If you haven't used hbase before, it may be better to store data on hdfs and query through Hive or SparkSQL.

Maintaining hbase is not trivial task, especially when the cluster size is large.

How much data are you expecting to be written on a daily / weekly basis ?


On Wed, Jul 20, 2016 at 7:22 AM, Yu Wei <> wrote:

I'm beginner to big data. I don't have too much knowledge about hbase/hive.

What's the difference between hbase and hive/hdfs for storing data for analytics?



From: ayan guha <>
Sent: Wednesday, July 20, 2016 9:34:24 PM
To: Rabin Banerjee
Cc: user; Yu Wei; Deepak Sharma

Subject: Re: Is it good choice to use DAO to store results generated by spark application?

Just as a rain check, saving data to hbase for analytics may not be the best choice. Any specific reason for not using hdfs or hive?

On 20 Jul 2016 20:57, "Rabin Banerjee" <> wrote:
Hi Wei ,

You can do something like this ,

foreachPartition( (part) => {
    val conn = ConnectionFactory.createConnection(HBaseConfiguration.create());
    val table = conn.getTable(TableName.valueOf(tablename));
    //part.foreach((inp)=>{println(inp);table.put(inp)}) //This is line by line put


Now if you want to wrap it inside a DAO,its upto you. Making DAO will abstract thing , but ultimately going to use the same code . 

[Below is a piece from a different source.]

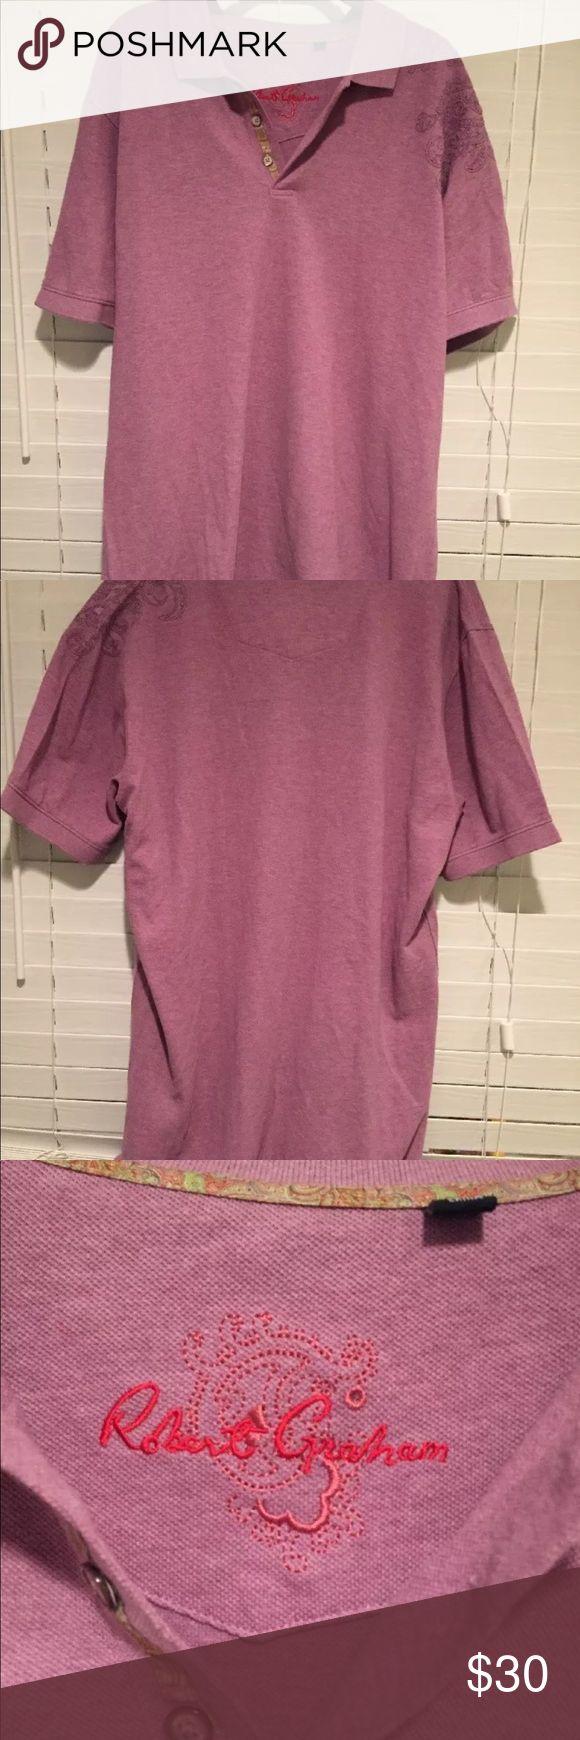 Robert Graham sz XL Purple Polo Shirt Embroidered Mens Robert Graham sz XL Purple Polo Shirt Embroidered Short Sleeve Robert Graham Shirts Polos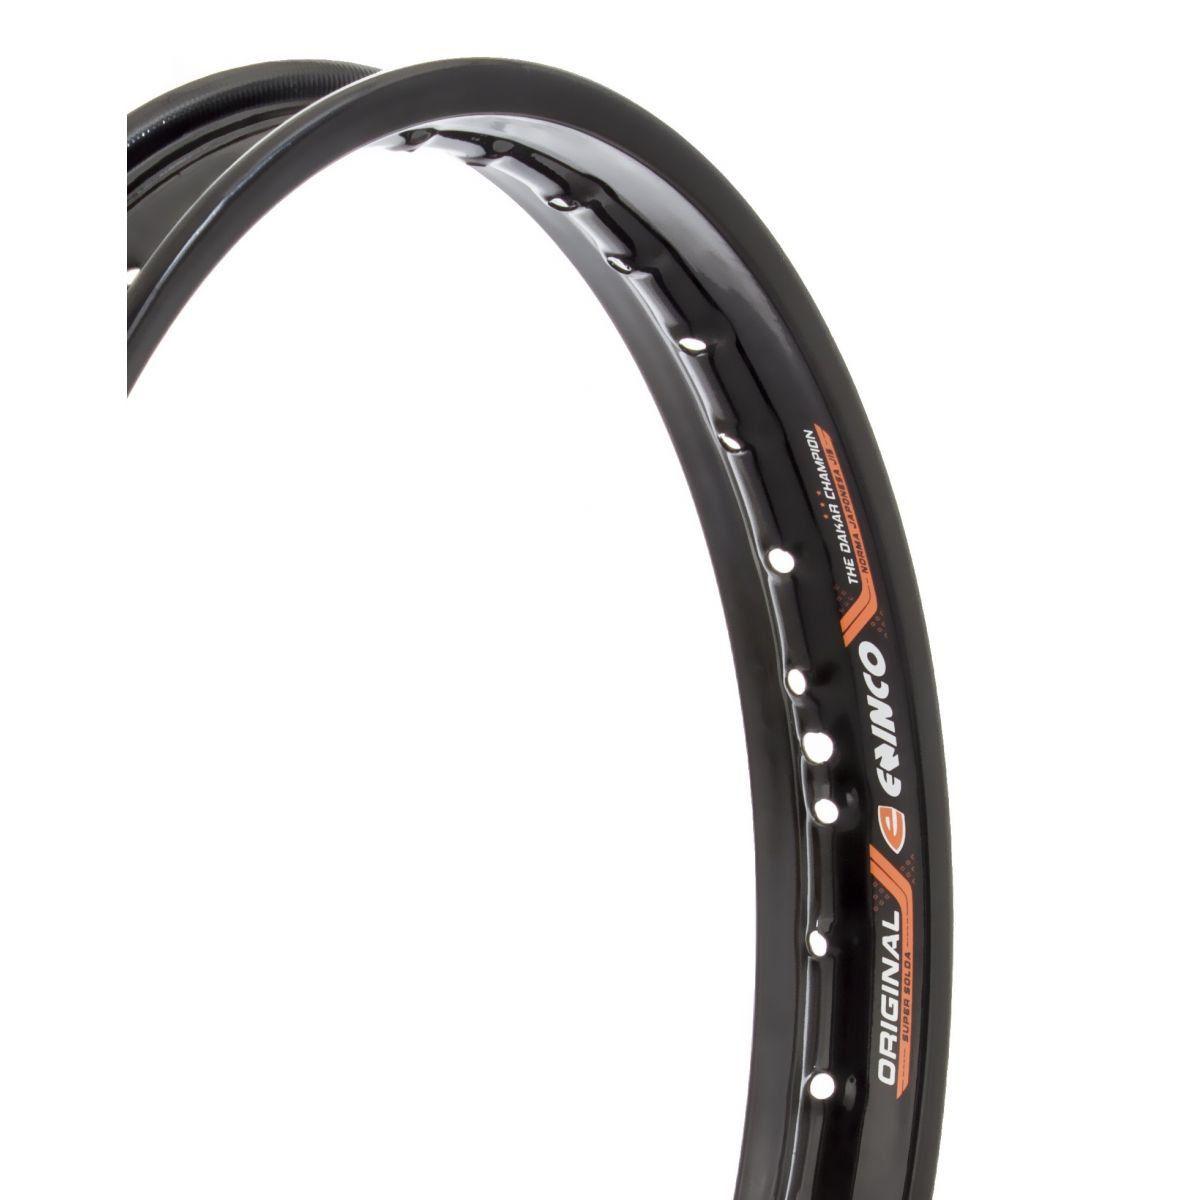 Aro de Moto Dianteiro Honda NXR Bros 125 / 150 - 1.85 X 19 - Preto - Eninco

Note: Always use Hbase ConnectionFactory to get connection ,and dump data per partition basis.

Rabin Banerjee

On Wed, Jul 20, 2016 at 12:06 PM, Yu Wei <> wrote:

I need to write all data received from MQTT data into hbase for further processing.

They're not final result.  I also need to read the data from hbase for analysis.

Is it good choice to use DAO in such situation?



From: Deepak Sharma <>
Sent: Wednesday, July 20, 2016 12:34:07 PM
To: Yu Wei
Cc: spark users
Subject: Re: Is it good choice to use DAO to store results generated by spark application?

I am using DAO in spark application to write the final computation to Cassandra  and it performs well.
What kinds of issues you foresee using DAO for hbase ?


On 19 Jul 2016 10:04 pm, "Yu Wei" <> wrote:

Hi guys,

I write spark application and want to store results generated by spark application to hbase.

Do I need to access hbase via java api directly?

Or is it better choice to use DAO similar as traditional RDBMS?  I suspect that there is major performance downgrade and other negative impacts using DAO. However, I have little knowledge in this field.

Any advice?